---- INPUT DATA

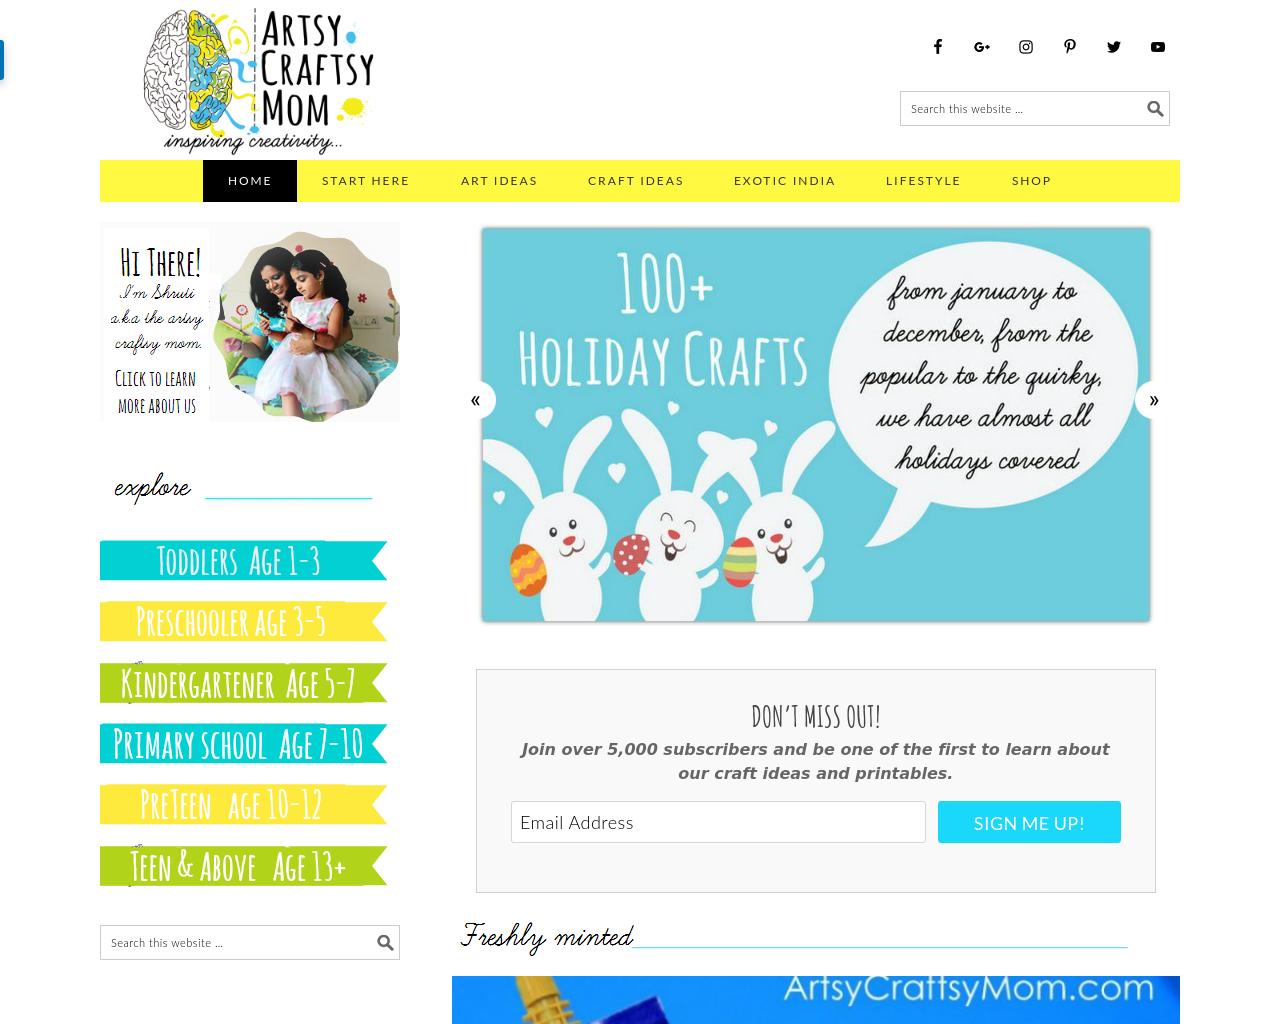 Artsy-Craftsy-Mom-Advertising-Reviews-Pricing
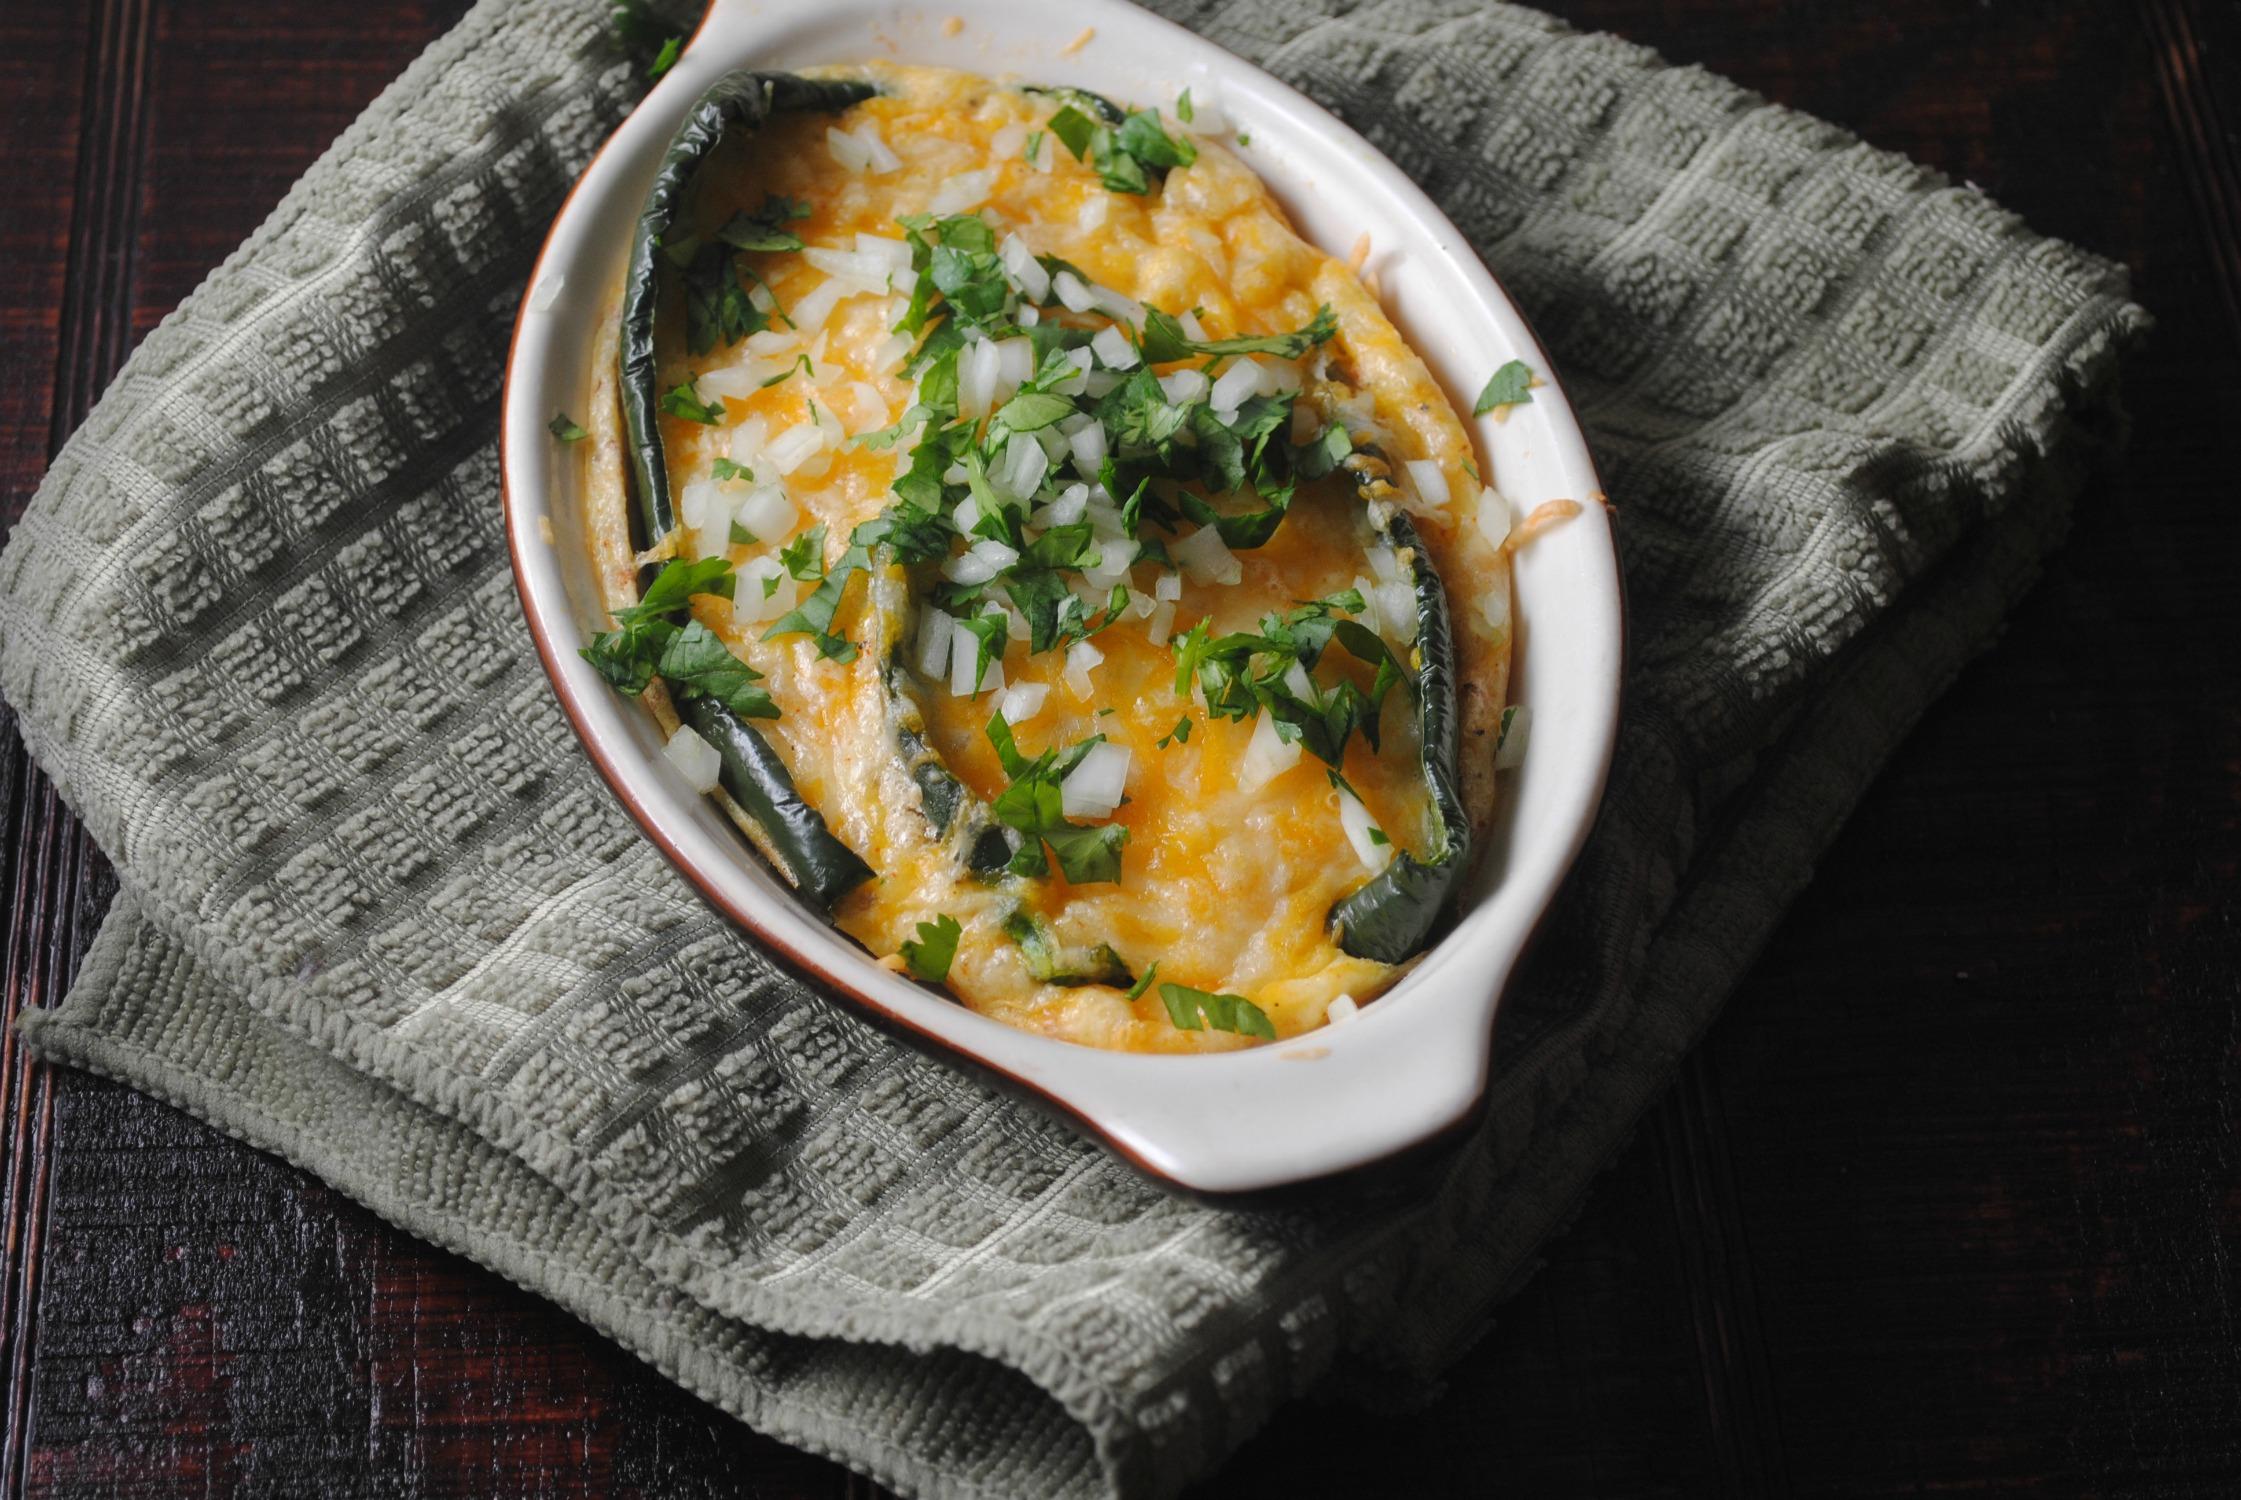 baked-chile-rellenos-VianneyRodriguez-sweetlifebake
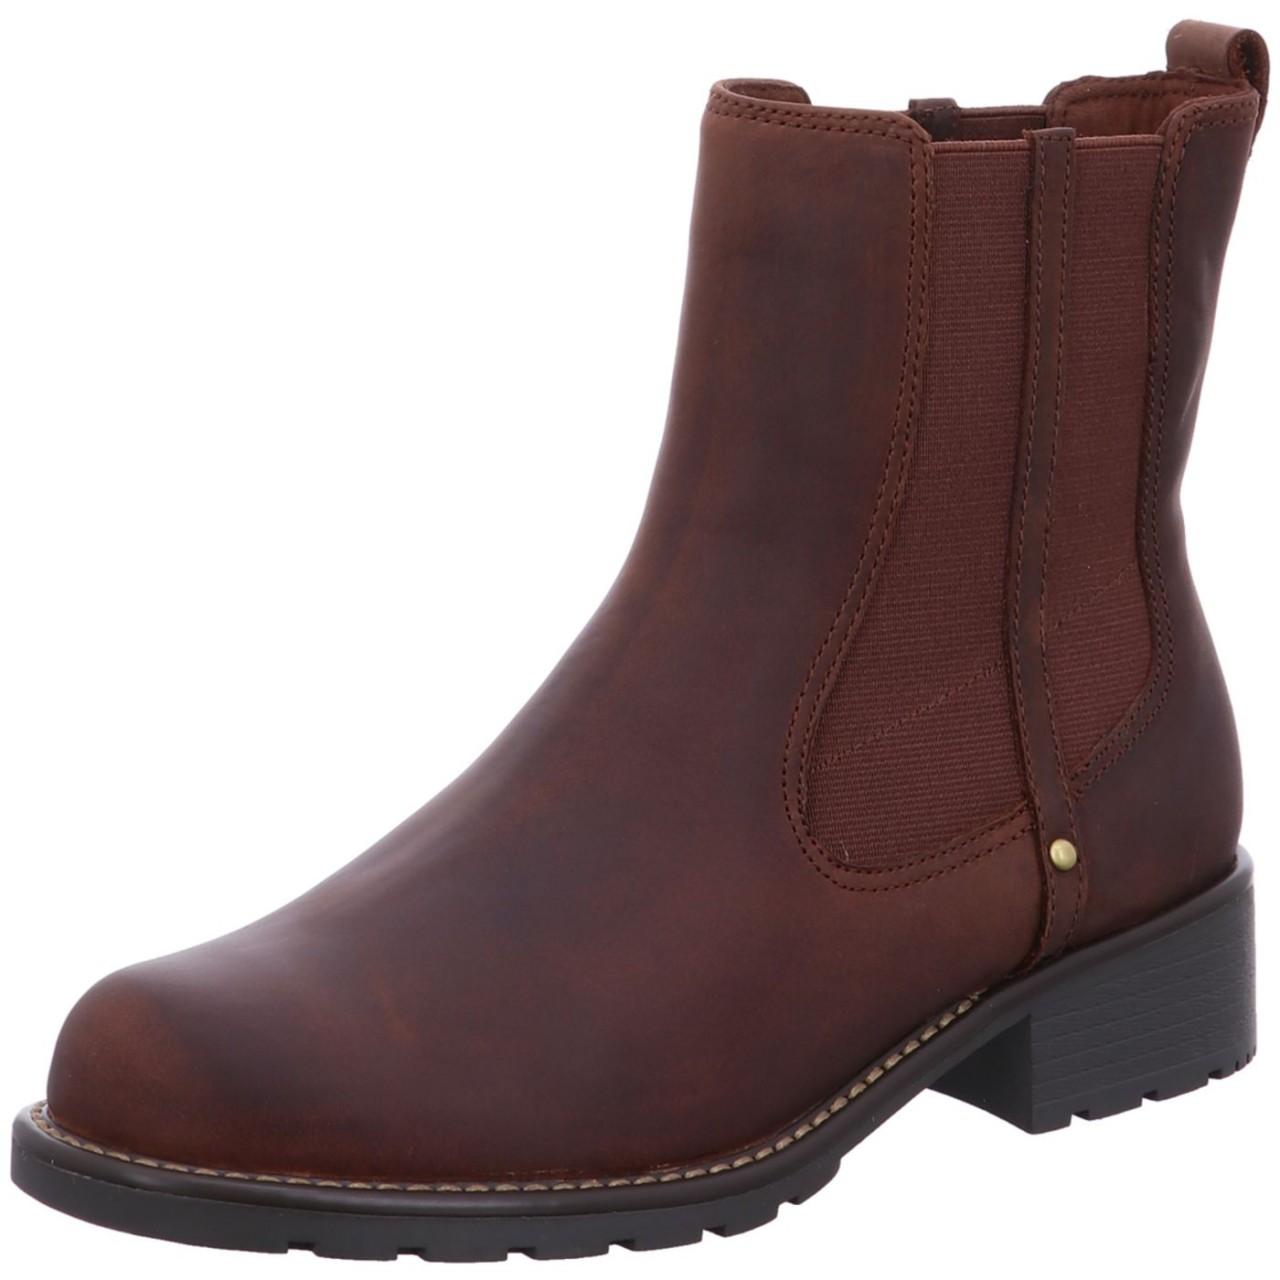 Clarks Boot Orinoco Hot Braun 26138171 Orinoco Hot tan

--------

◆ WHAT IS REQUIRED:
The material above should be repeated word for word, with every picture omitted.

◆ EXERCISE SOLUTION:
 Artsy-Craftsy-Mom-Advertising-Reviews-Pricing
 baked-chile-rellenos-VianneyRodriguez-sweetlifebake
 Clarks Boot Orinoco Hot Braun 26138171 Orinoco Hot tan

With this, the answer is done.